Some movies you just want loud. Whether it’s a Star Wars or a Lord of the Rings or an MCU entry, there’s satisfaction in watching the film in the comfort of your local multiplex — or, if you will, your own living room — and listening to the award-worthy sound via Dolby, DTS, or the audio component of your choice.

Here’s the thing about The Hitman’s Wife’s Bodyguard: It’s loud. Very loud. And not loud in an appreciable way, with cool lightsaber zaps or T-Rex roars coming at you from all directions. It’s loud because the actors spend the vast majority of the running time screaming at each other. Sure, sure, there are the rumblings caused by the usual car chases, gun battles, and explosions found in this sort of film fodder, but at this point in our cinematic lives, these often pass by us as white noise. Instead, it’s the constant shrieking that defines this movie. And it doesn’t need to be channeled through a grade-A sound system — the yelling is so intense that I expect it would manage to come through even if this were a silent film.

A sequel to 2017’s midrange hit The Hitman’s Bodyguard (reviewed here), this again finds Samuel L. Jackson as the hitman and Ryan Reynolds as the bodyguard, with Salma Hayek (who had a small role in the original) adding to the merriment as the wife. Having been stripped of his bodyguard license, Reynolds’ Michael Bryce is forced to give up his career and actually is adjusting to a peaceful life until Hayek’s Sonia Kincaid comes guns a-blazing into his life. She needs his help in rescuing Jackson’s Darius Kincaid from a gang of mobsters. They succeed, but then everyone starts yelling at each other.

Salma Hayek in The Hitman’s Wife’s Bodyguard (Photo: Lionsgate)

After this lengthy opening salvo, the main plot fully kicks into gear, with the trio being asked by Interpol to prevent megalomaniacal Greek tycoon Aristotle Papadopolous (Antonio Banderas) from destroying Europe. Papadopolous is basically a combination of Aristotle Onassis, Liberace, and a Bond villain — while that mash-up sounds promising in theory, he actually proves to be a dull bad guy. At any rate, Bryce and the Kincaids do their best to stop him, yelling at each other along the way.

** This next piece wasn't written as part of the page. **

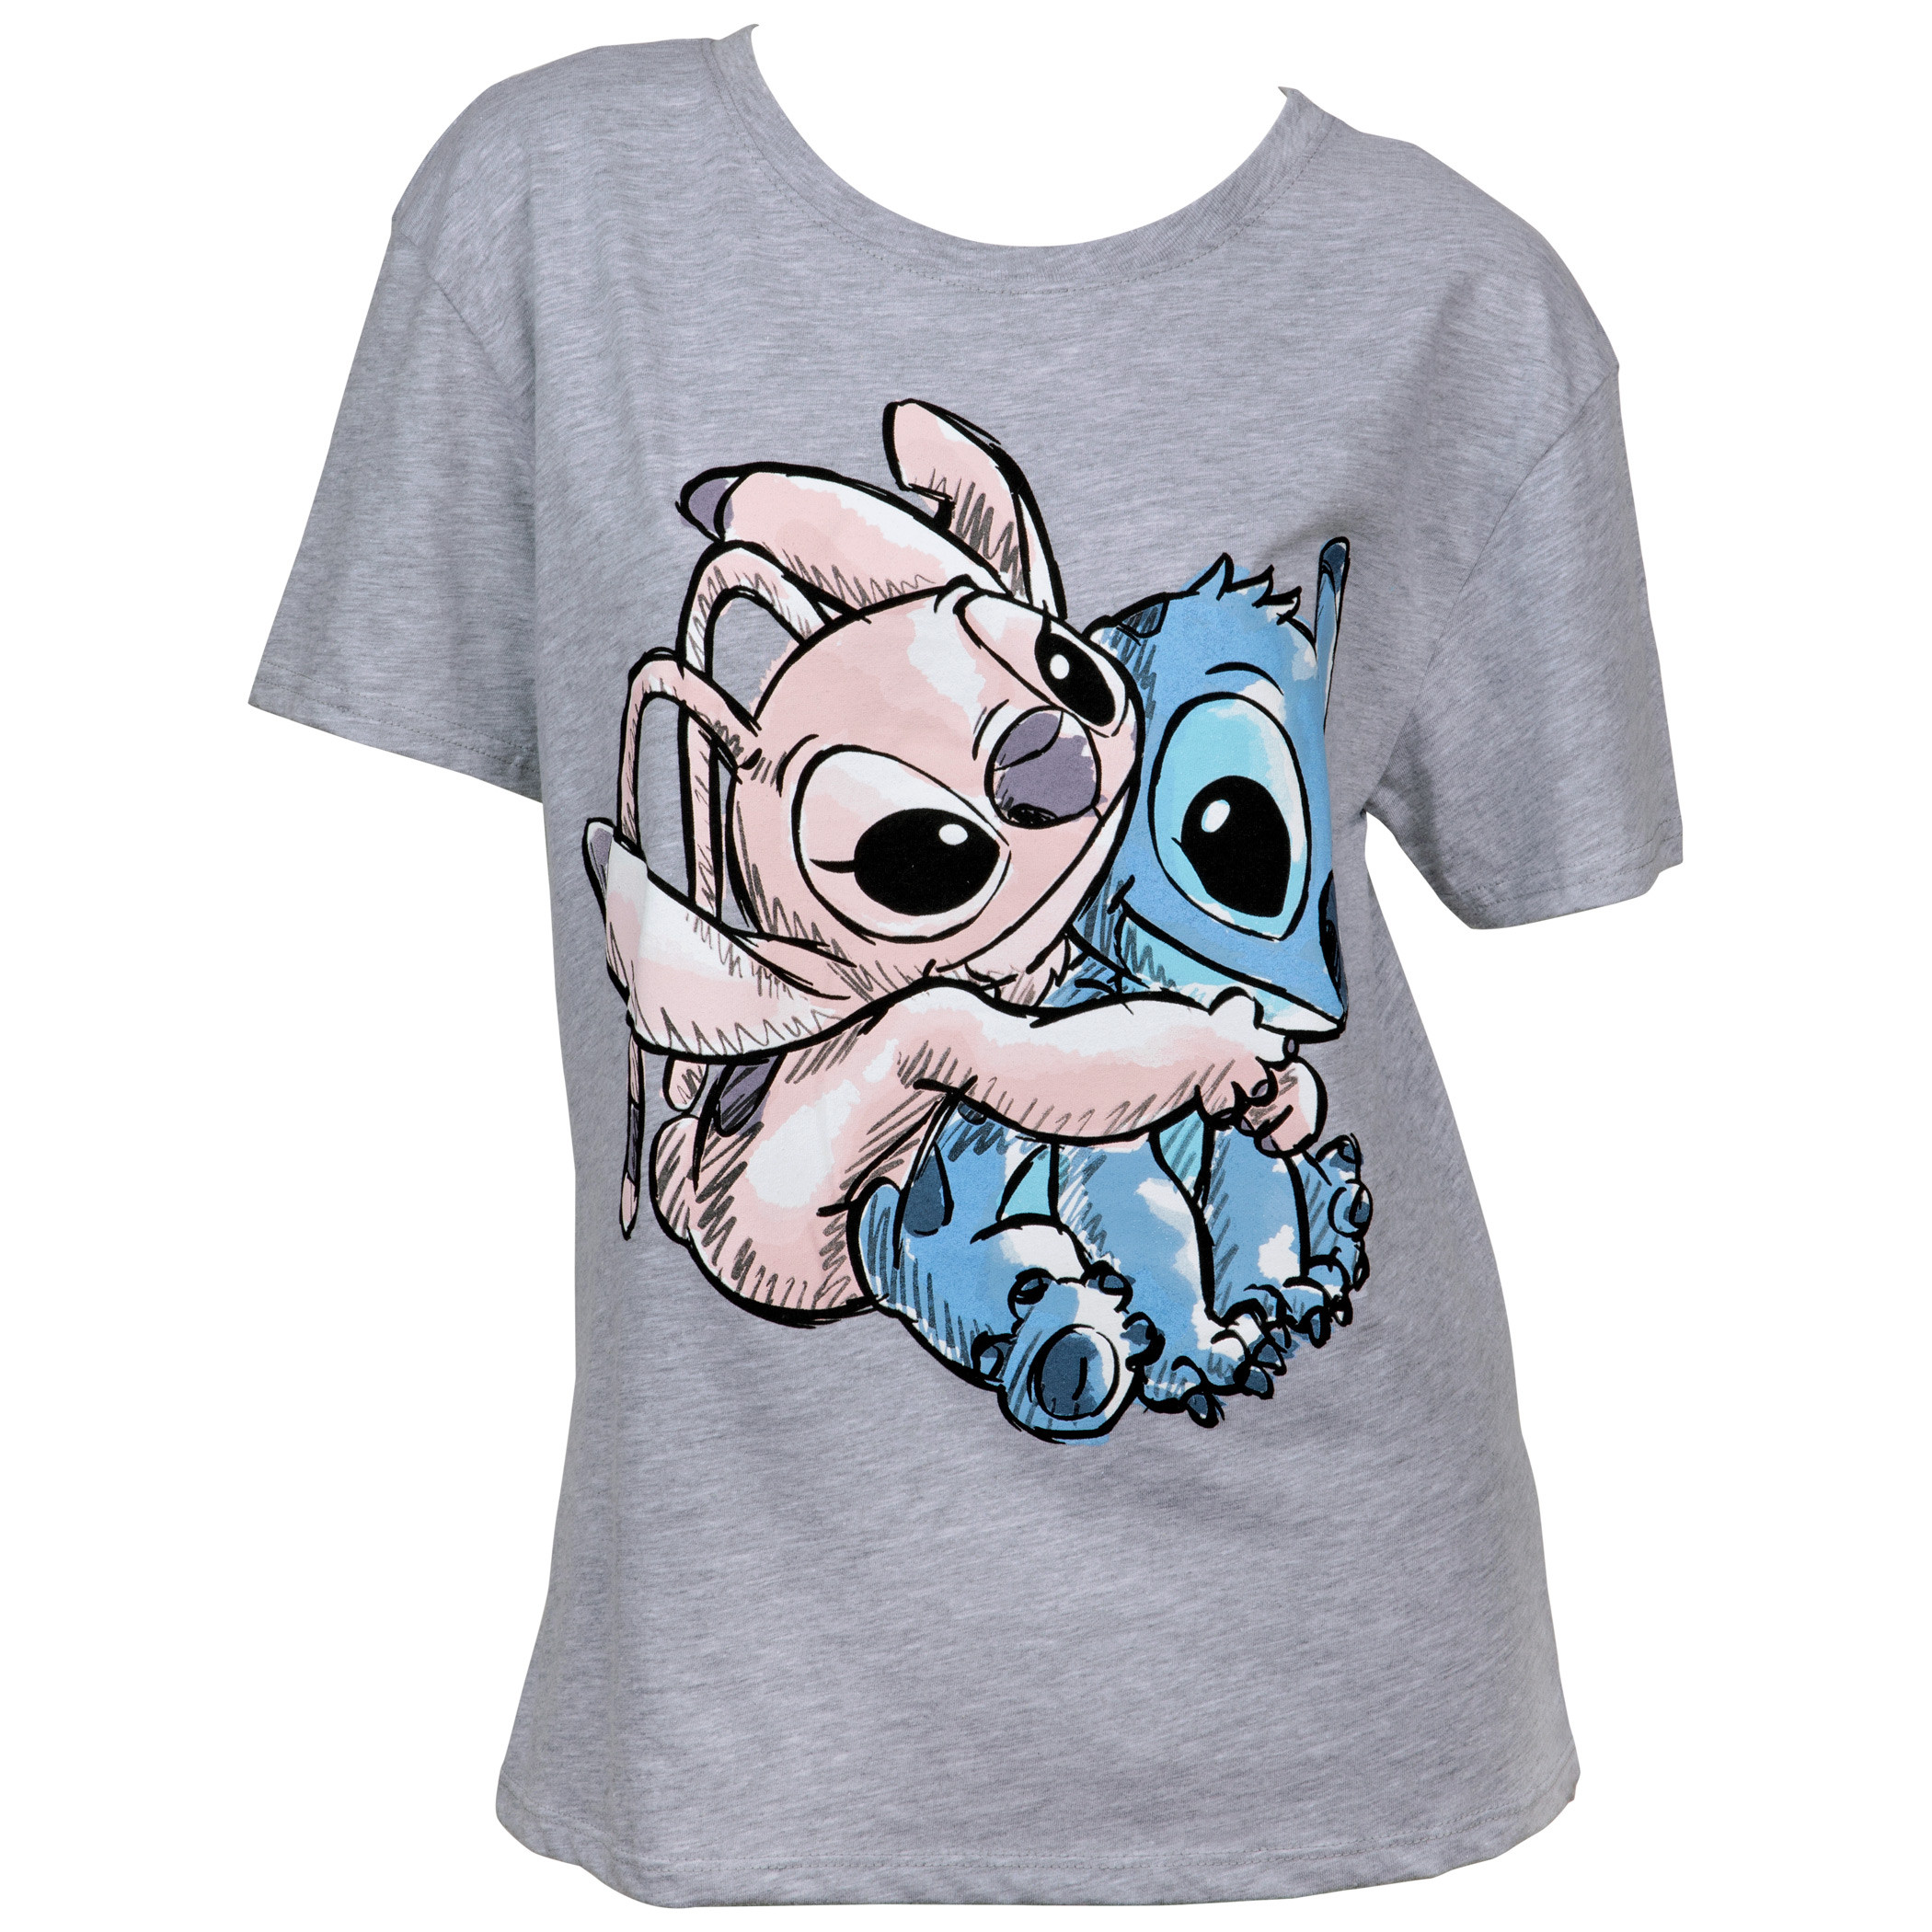 Vêtements et accessoires Disney Lilo & Stitch

The Hitman’s Wife’s Bodyguard (alternately Hitman’s Wife’s Bodyguard in advertising and on the website; even the studio can’t decide whether to include the “The” in the title) gets personal with a subplot about Sonia’s desire to become a mom. This allows Bryce to get off one great zinger (“She’d make a terrible mother; I wouldn’t even trust her to take care of a Chucky doll”) and also provides the film with an amusing closing gag. Indeed, these interludes might be the best in the film — everyone still yells, only not quite as much.

Jackson, so vibrant in the first film, is this time overshadowed by Reynolds, who milks his character’s sad-sack status for all it’s worth. Hayek also notches a few choice moments here and there, and she plays well off both Jackson and Reynolds. Overall, though, this is a tedious picture, and we can only hope we’ll be spared another sequel in The Hitman’s Wife’s Babysitter’s Bodyguard or, conversely, The Hitman’s Wife’s Divorce Lawyer’s Bodyguard.